Susan Graham

Susan Graham | Mezzo-soprano

Susan Graham | Mezzo-soprano

“Graham’s mezzo-soprano is a voice without regrets, healthy, rounded, ineffably musical, and eager for a challenge.” – New Yorker
Susan Graham, world famous in opera, concerts, and recitals – particularly in French repertoire – opens her season singing Berlioz in South America, and later performs in New York, Paris, and Munich. She hosts the fourth annual Opera News Awards, sings at the renowned Prague Spring Festival, and closes her season with recitals in Berlin, Copenhagen, London, Vienna, and Brussels. At the Met she is Elvira in Mozart’s Don Giovanni and Marguérite in Berlioz’s Damnation de Faust; at Carnegie Hall she sings “Arias & Barcarolles” during a citywide Leonard Bernstein Festival and later salutes Marilyn Horne for her 75th birthday. Also on Ms. Graham’s agenda are songs by Berg in St. Louis, Mozart arias in Salzburg, and Rorem songs with Orpheus Chamber Orchestra.
Ms. Graham has sung Gluck’s Iphigénie en Tauride at the Metropolitan Opera, Lyric Opera of Chicago, San Francisco Opera, and the Royal Opera House Covent Garden. She has performed leading roles from the 17th to 20th centuries at the world’s principal opera houses, including La Scala, Vienna State Opera, Opéra National de Paris, Dresden’s Semperoper, and the Salzburg Festival, and she has appeared with most of the world’s foremost conductors and orchestras. Dubbed “America’s favorite mezzo” by Gramophone magazine, the Grammy Award-winning singer captivates audiences with her expressive voice, tall and graceful stature, and natural, engaging acting ability in comedy as well as tragedy.
Last season at the Met, Ms. Graham portrayed both Gluck’s Iphigénie and Mozart’s Sesto in La clemenza di Tito, and gave recitals in London, Madrid, Amsterdam, and Paris with her frequent collaborator, pianist Malcolm Martineau. Her season finale as Handel’s Ariodante with San Francisco Opera prompted a local critic to write: “Susan Graham added one more entry to her long list of triumphs with the company, turning in a performance marked by nobility and technical bravura.”
Susan Graham releases two new recordings this season: Un frisson français, with Malcolm Martineau for ONYX Classics, surveys a century of French song; and her famous rendition of La mort de Cléopatre by Hector Berlioz, as recorded with the Berlin Philharmonic and Sir Simon Rattle, is released by EMI Classics. Her discography of complete operas ranges from Handel’s Alcina and Gluck’s Iphigénie en Tauride to Barber’s Vanessa, Jake Heggie’s Dead Man Walking, and Berlioz’s Troyens on DVD.
Ms. Graham created the part of Sister Helen Prejean in Dead Man Walking for San Francisco Opera, and created roles in two Metropolitan Opera world premieres – Tobias Picker’s An American Tragedy and John Harbison’s Great Gatsby.

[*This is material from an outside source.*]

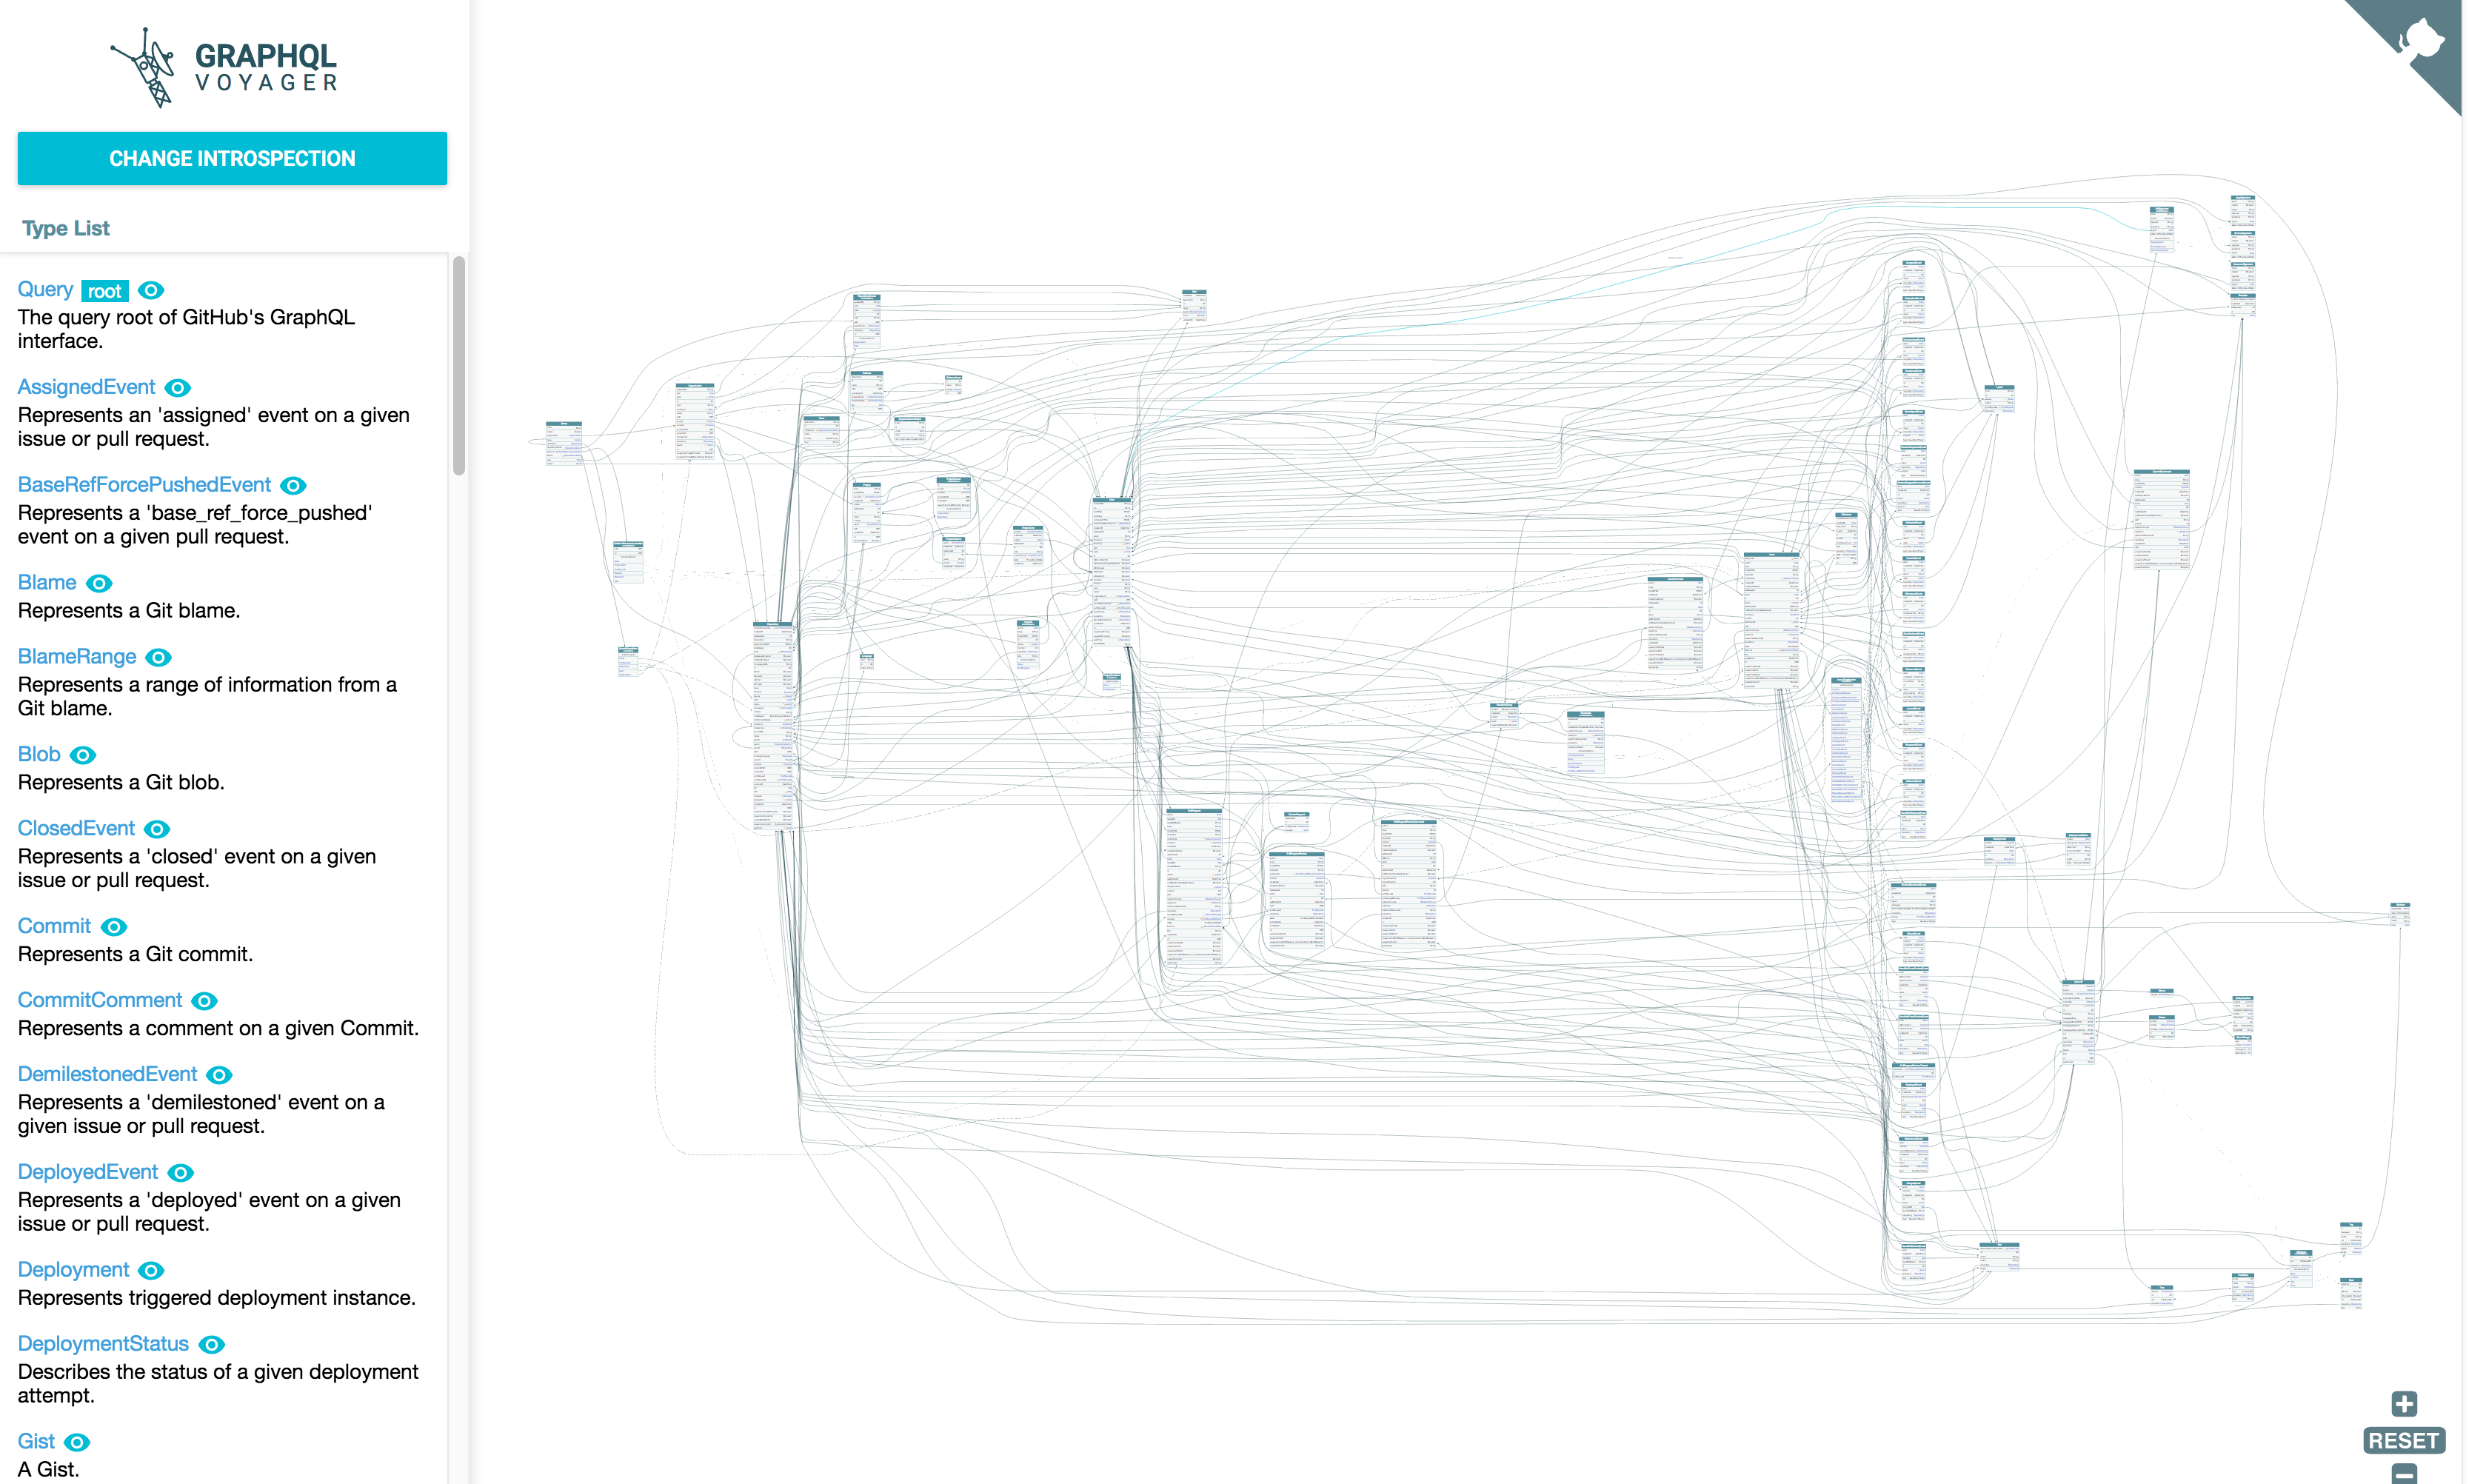 GraphQL Voyager vs the Github API

Born in New Mexico and raised in Texas, Susan Graham studied at Texas Tech University and the Manhattan School of Music. As a young artist, she won awards from the Metropolitan Opera National Council, San Francisco Opera, and the Richard Tucker Music Foundation. She was Musical America’s Vocalist of the Year, and her hometown of Midland, Texas, has made September 5 its annual “Susan Graham Day”.